October 8th, 2011

piranha - medieval headdress.

It's the most Renaissance-y time of the year <3

Oh happy day!
Happy dress up in a corset and pretend to be Elizabethan day!
That’s right, kids!  It’s time to visit the Northern California Renaissance Faire!
This year, Jeannie joined Seanie and me on our annual trip to the faire.  Seanie refused to dress up, so I had him wear a Doctor Who/Back to the Future t-shirt since I know the Doctor is popular with faire nerds.  Jeannie borrowed a costume from a friend.  We looked pretty cute, I must say:

Now, Jeannie had heard from one of her friends that somewhere at the faire was a climbing wall.   If you could make it to the top, you would win a weapon.  Not just some flimsy plastic sword or wooden shield, either; we're talking a real sword of metal, capable of taking off heads (we assume) or a flail or a leather cat o' nine tails.  So the first thing we did was seek out the wall.

We found it, and for only $5.00 Jeannie could attempt the climb.  So she promptly stripped off her skirts and got ready to try her luck.

She climbed and she climbed, but unfortunately she only made it about this high:

It was a lot harder than it looks.  According to Jeans, the footholds disappear as you get higher up, so unless you've got itty bitty child feet or can jump the final few feet, there's no way you'll be touching the top.  Seanie, always one to take a challenge head on, decided that he would try next.

The smug satisfaciton of a guy certain he'll make it to the top.

Not only did Seanie fail to make to the top and win a weapon, he didn't even make it as far as Jeannie.  But he tried.

After failing to win a weapon, we got Jeannie back into her skirts (which is much more time consuming than most guys realize) and wandered around for a bit, getting an idea of the Faire's layout.  We looped back to the horse arena just as the stands were starting to fill up for the first joust, so we decided to grab a good spot in the shade.  We were in the section that cheered for the Spanish knight.

The Spanish knight was pretty cool.  He tried to throw a flower to Jeannie, but it was intercepted by the guy sitting in front of her.  Uncool, man.  Later, he tried to throw one to me, but as I was reaching my hand out to take it some kid ran down the row and snatched it...so he could give it to his mother.  I would have been annoyed, but it was cute that he wanted it for her.

The knights of France (blue) and Scotland (green) trying to catch rings on the ends of their lances. 

The Spanish knight dukes it out with the English knight, Sir James.  The English knight's section of the crowd was twice as large as that of the other three knights.  But I guess he had the hometown advantage, so to speak.

We got a picture afterwards with the Spanish knight...who, it turns out, has a Southern accent.  We totally got photobombed by that blonde chick; never seen her before or since.

Jeannie finds happiness in a turkey leg.

After eating lunch, we wandered around rather aimlessly, poking into shops and then scurrying out again because, let's face it, we couldn't afford to buy anything.  (Don't get me wrong, I am a strong believer in artisans being paid fair prices for their labor...but that does price me out of most handmade goods!)  It was a little upsetting that Seanie was getting more attention for his anachronistic t-shirt than we were for dressing in period clothes!  It seemed like every fifteen minutes or so another faire attendee or employee would yell "LOVE THE SHIRT DUDE!" or point to the "<3 <3 <3 the Doctor" pin on their corset. I'll probably never be able to get him into historical garb again; it's much easier being a Dr.
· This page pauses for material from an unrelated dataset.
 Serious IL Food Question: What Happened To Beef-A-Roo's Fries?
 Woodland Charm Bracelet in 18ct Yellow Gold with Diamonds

Who fan instead.

I swear I see these guys every year...

The second round of jousting involved men fully suited up in knights' armor.  That was cool.  Supposedly, it was a fight to the death...but, well, turns out they're awful picky about following the rules and there was very little death to be found. 

The Spanish knight returned.  His helmet was pretty cool looking; sure, he had no plumes but he had big curving horns.

For reasons I wasn't clear on, after he was defeated in the first round (he was disqualified because he threw dirt at the face of the English knight)  the Spanish knight returned with new colors and a scarier-looking helmet.
Hey, works for me!


More dorkiness...

...and it ends with a kiss and a 'happily ever after'!
For me. 
Not so much for Seanie.  Although I did find a $20 bill on the ground on the way out, so we were able to buy Sonic slushies on the way home.  We also stopped by Seanie's old house and chatted with his dad for an hour, which amazed Seanie because normally Old Man Buckley's only good for about four sentences.